I am exploring my options for my return flight home from Puerto Rico.  I can return with a 4 hour layover at STT.  Is this enough time to leave the airport and do a little sightseeing? As a US citizen I believe this would be treated as a domestic flight.  All suggestions welcome


----------



## DavidnRobin (Feb 26, 2015)

You are flying from another island to STT - and then to Puerto Rico?  Generally it is PR that is the hub.

If you truly have 4 hours on StT, and can leave the airport - then have a taxi-bus either take you into Charlotte Amalie for shopping and food. There is a great PR restaurant in CA (look on Yelp), or if you are into the beaches - check out Megans Bay and/or a tour of that side of the island.

This may be better to post on the Carib forum.


----------



## dioxide45 (Feb 26, 2015)

Is a four hour layover really enough? That isn't a lot of time. Given the additional customs clearance required in St Thomas back to the mainland, you would barely get out of the airport to your destination and you will need to turn around to get back, clear customs and security to make your flight. Get stuck in traffic on a busy cruise ship day and you might be in trouble.


----------



## GrayFal (Feb 27, 2015)

It is very easy getting out of STT airport but getting back IN can take a long time.

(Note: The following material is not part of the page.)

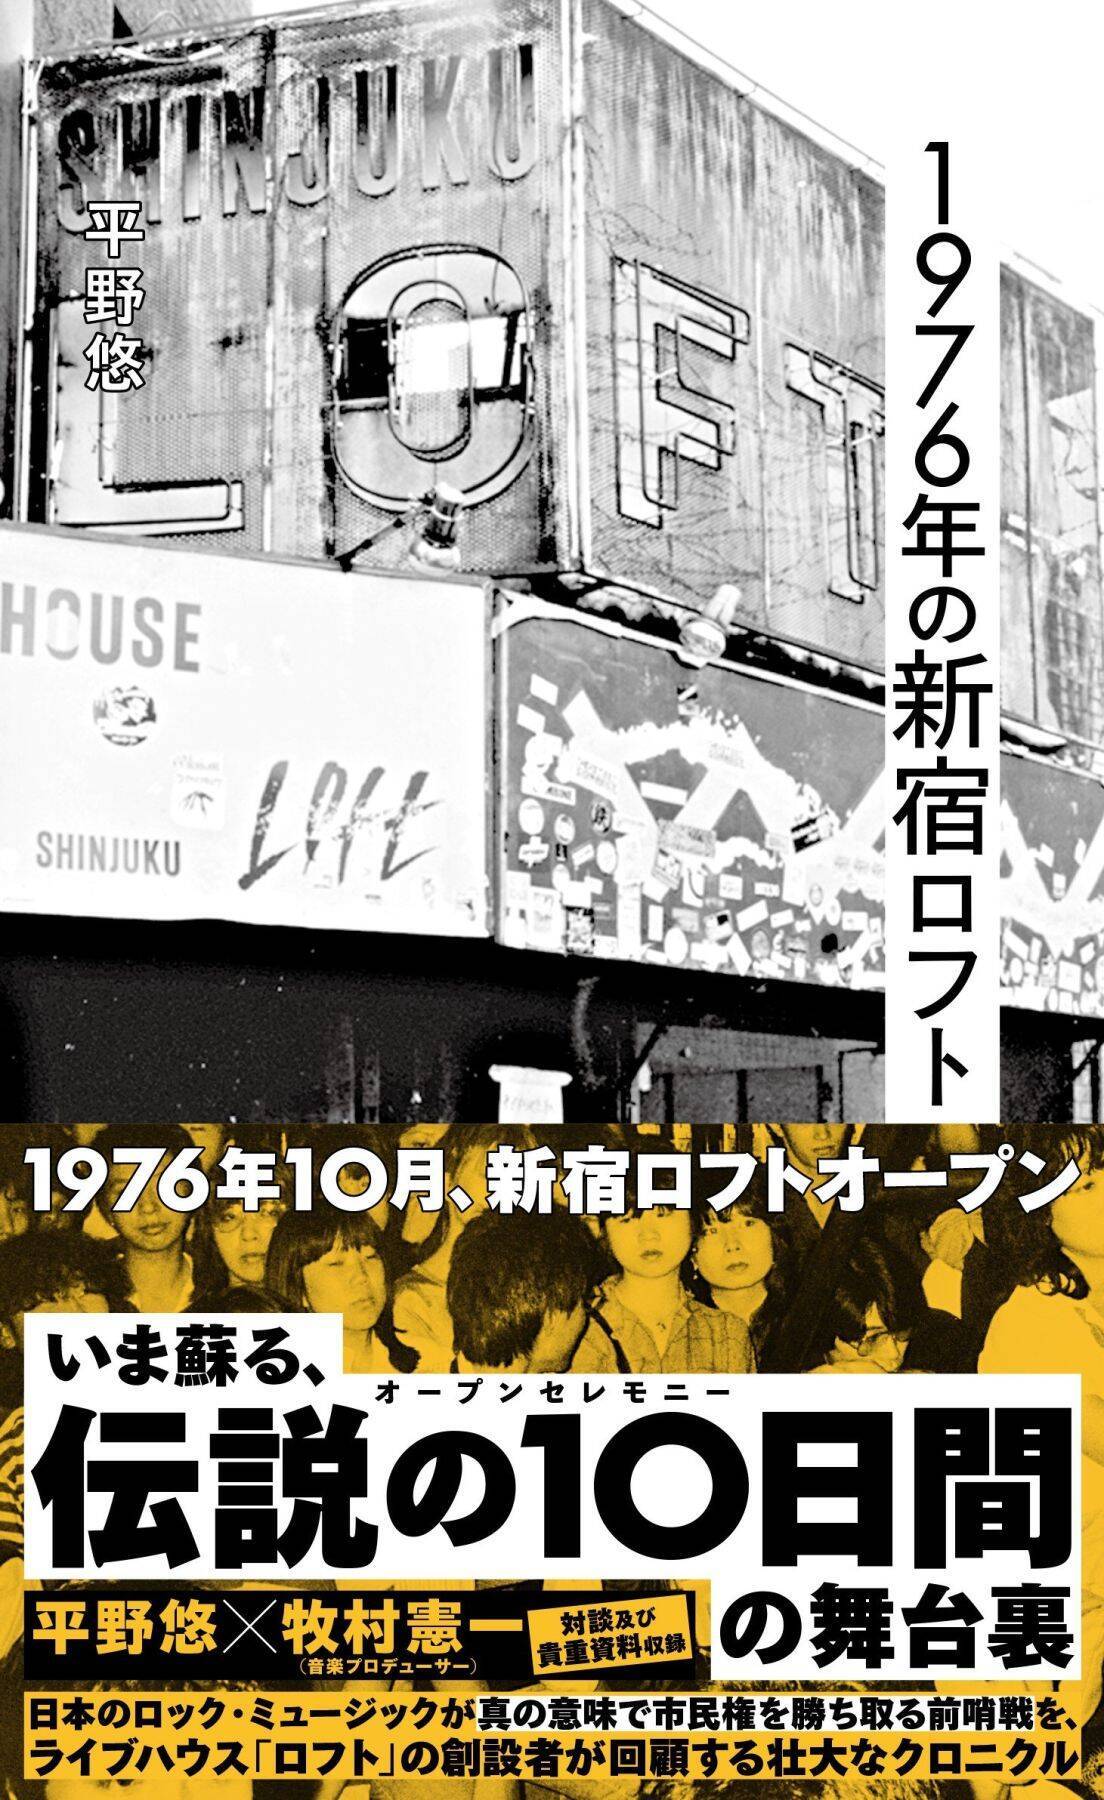 1976年、日本ロック史に残る“伝説の10日間”の内幕「サザンだってジーパンも汚いし、オシャレなんていうのとはほど遠かった」新宿ロフト創設者が証言

We have friends last winter that missed their outbound flights even with arriving 2.5 hours ahead. 
If you could get a 6 hour stopover, not traveling in the winter and were traveling during the week then maybe it is doable. 
Otherwise, not enough time.


----------



## amanda14 (Feb 27, 2015)

Agree, very slow getting back in and I'm not sure Charlotte Amalie is worth it to do, then again the airport could be maddening after 4 hours.  Makes NY airports seem on the cutting edge.


----------



## hcarman (Feb 27, 2015)

There is a hotel right next to the airport that has a beach area - even with a short amount of time, you could probably go over there and chill for awhile at the beach or pool - maybe get a bite to eat.


----------



## DavidnRobin (Feb 27, 2015)

hcarman said:


> There is a hotel right next to the airport that has a beach area - even with a short amount of time, you could probably go over there and chill for awhile at the beach or pool - maybe get a bite to eat.



This is what I would do if I had 4 hours to kill, but I would have beach gear and ability to rinse off before heading back to STT.  If, of course, there is no huge wait to go back thru Customs/Immigration.
Generally, on Fridays (in mid-June) when we go in/out of STT it is pretty fast to get thru (~30mins), and no cruise ships in town - so we show up around 90 mins before (w/ 2 checkin bags) - but we also use a Porter.

We did get denied boarding once - the day AA switched over to charging for bags (returning from our 2-week vacation on StJ) - and it was chaos. 90 mins early - and no chance - luggage tags went on forever (USVI at its best…). Luckily, Westin St John was partly to blame (ferry issue), and they put us up free for 3 nights (in a 3Bd private pool villa) since we couldn't get an AA flight out until Monday. So, it turned into a blessing in disguise… 

This really should be on Carib forum...


----------